• _Data below_:
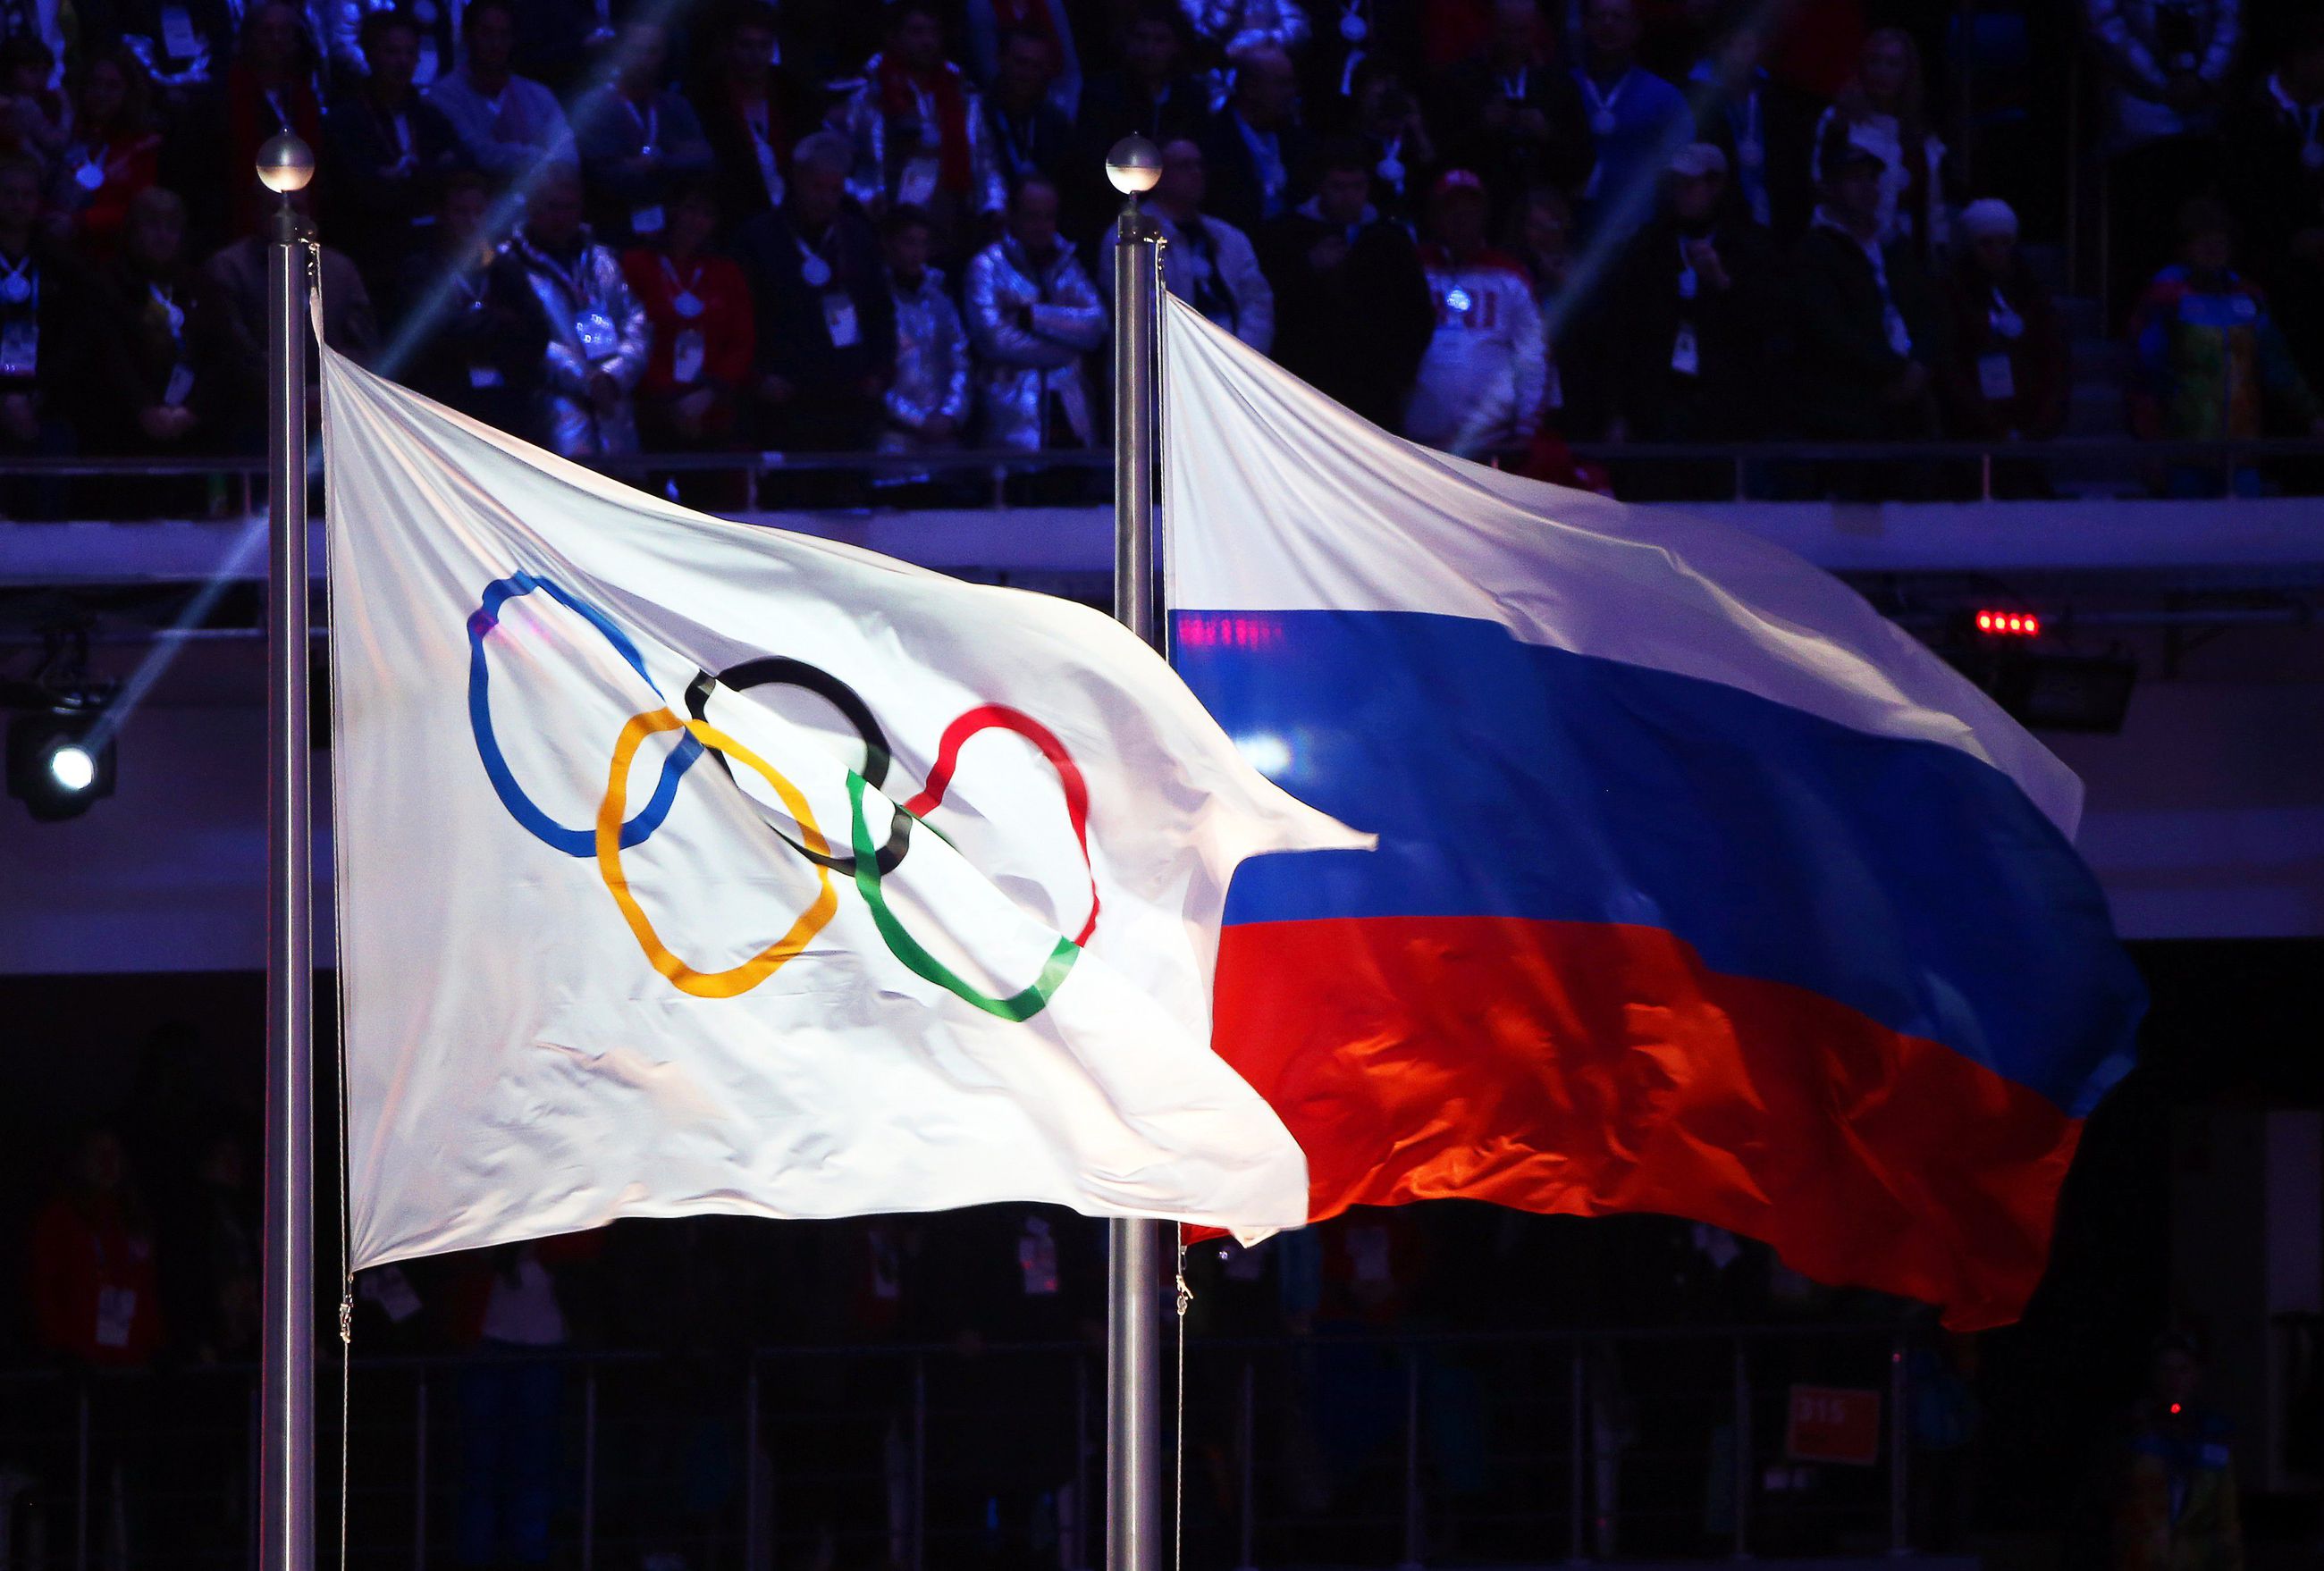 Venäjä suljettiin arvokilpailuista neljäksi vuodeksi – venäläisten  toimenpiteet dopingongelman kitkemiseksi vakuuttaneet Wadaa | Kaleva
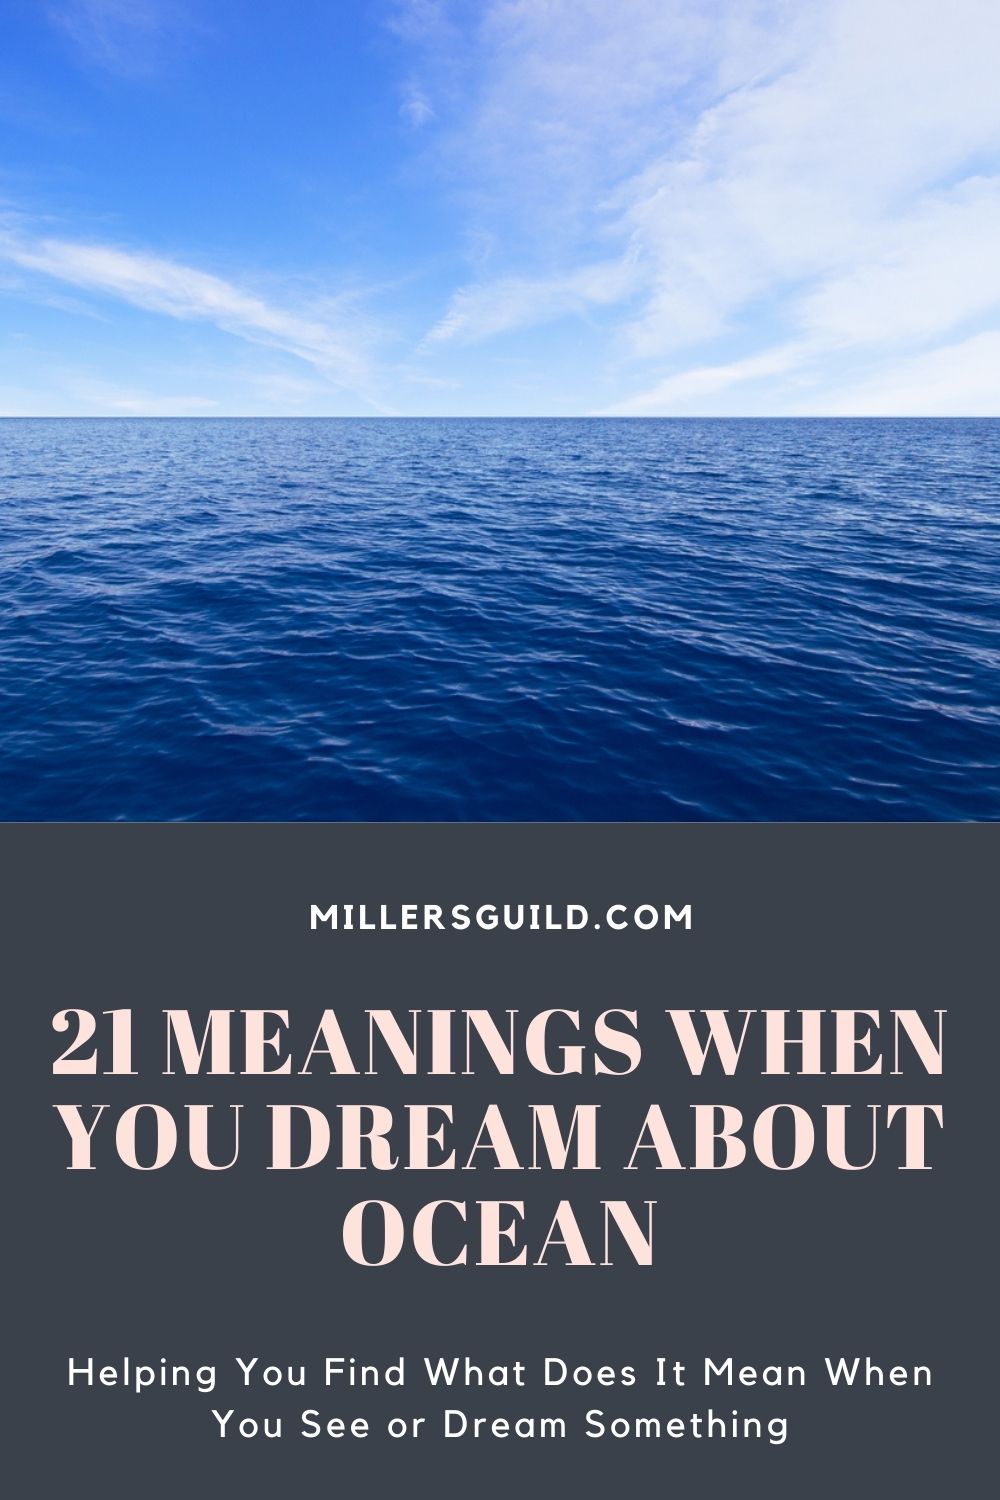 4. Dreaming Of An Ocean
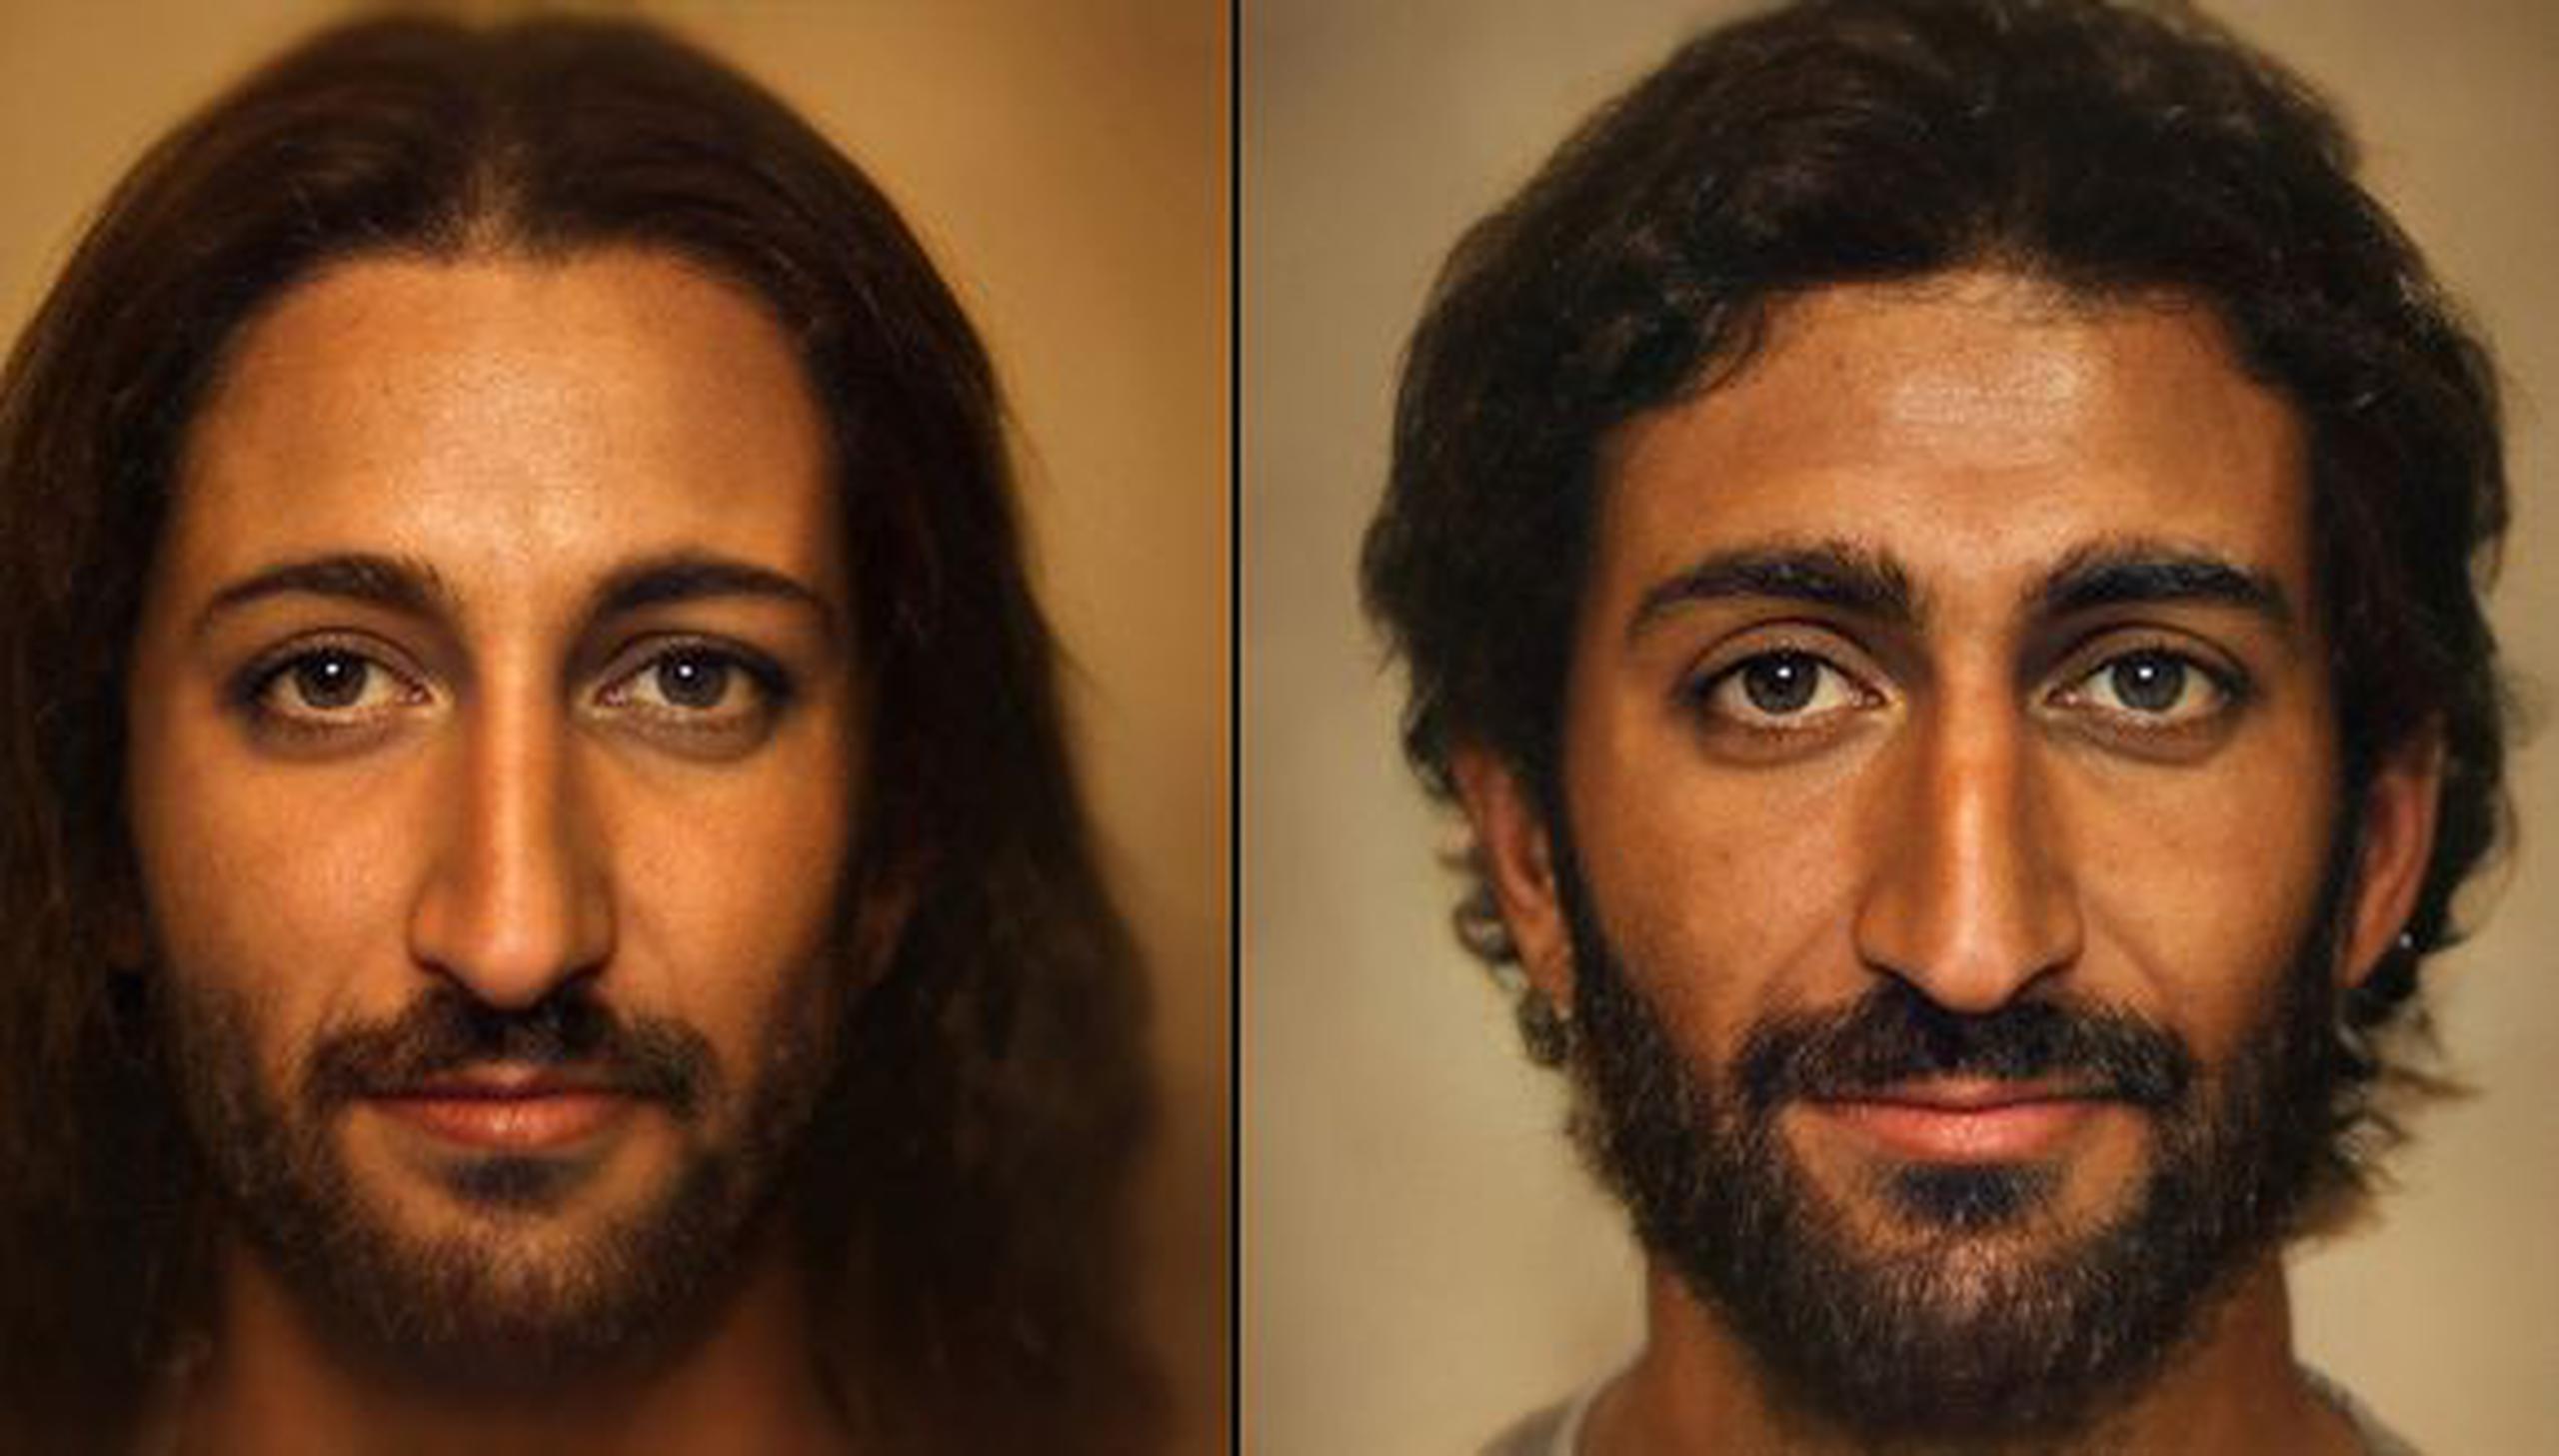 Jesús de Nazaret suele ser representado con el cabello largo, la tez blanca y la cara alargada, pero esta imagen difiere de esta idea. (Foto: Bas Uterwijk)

• _What is expected_:
Transcribe all of the listing precisely. The images stay out of it.

• _Exercise solution_:
 Venäjä suljettiin arvokilpailuista neljäksi vuodeksi – venäläisten  toimenpiteet dopingongelman kitkemiseksi vakuuttaneet Wadaa | Kaleva
 4. Dreaming Of An Ocean
 Jesús de Nazaret suele ser representado con el cabello largo, la tez blanca y la cara alargada, pero esta imagen difiere de esta idea. (Foto: Bas Uterwijk)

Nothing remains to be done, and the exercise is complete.